— Я вернулся в Брайарвуд всего через два дня после ее отъезда, — пояснил он. — Но перед этим велел ей дождаться меня. И все же она намеренно меня ослушалась.
Розамунда покачала головой:
— Вижу, вы совершенно неопытны в обращении с женщинами, милорд. Запомните: никогда не следует ничего запрещать женщине, ибо в этом случае она все сделает наоборот. И нарушит все запреты, — пояснила она и, тихо рассмеявшись, добавила: — Вы очень любите ее, верно? Садитесь. Сейчас принесут вино.
— Скажите, мадам, как это вам сразу удалось разглядеть то, чего упорно не видит ваша дочь? — с отчаянием проронил он. — Я постоянно спрашиваю себя, способна ли она любить.
— Она безмерно любит вас, — уверила Розамунда, вручая ему кубок сладкого красного вина. — За эти два дня мы с Филиппой разговаривали больше, чем за последние годы.
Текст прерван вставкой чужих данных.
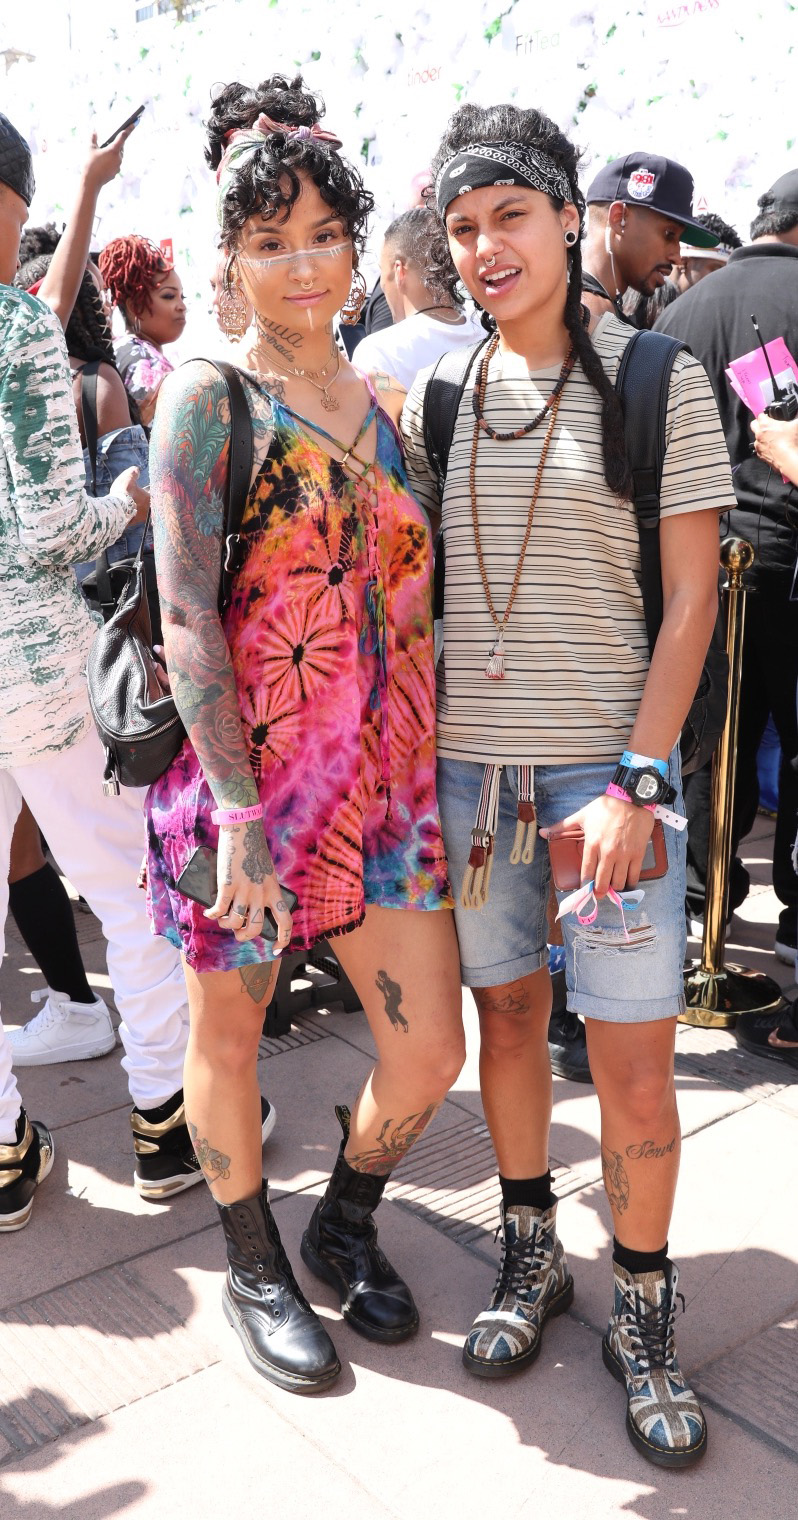 Kehlani and girlfriend Third Annual Amber Rose Slut Walk - Los Angeles

— Но почему она не откроет мне сердце? — настаивал граф.
— А вы? Почему молчите вы? — с лукавой улыбкой отпарировала Розамунда.
— Но я мужчина! — совершенно серьезно возразил он.
— А она — придворная дама, которую учили никогда не выказывать чувств, если джентльмен не признается первым! — торжествующе воскликнула она.
— Раны Христовы! — выругался граф.
— Я и сама не сказала бы лучше, милорд! — похвалила Розамунда.
— Мама! Филиппа говорит, что ни за какие коврижки не спустится вниз! — пожаловалась подбежавшая Бесси. — Эта дурочка упрямее барана! Отчим не выдержал и пошел за ней.
— О, Бесси, негодница, как ты можешь так чернить сестру? — смеясь, упрекнула Мейбл.
— Что случилось? — удивился лорд Кембридж.
— Бесси послала Логана привести Филиппу, потому что она не желает идти.
— О Господи! — с ухмылкой воскликнул Томас Болтон. Воздух разорвал дикий визг. Еще один.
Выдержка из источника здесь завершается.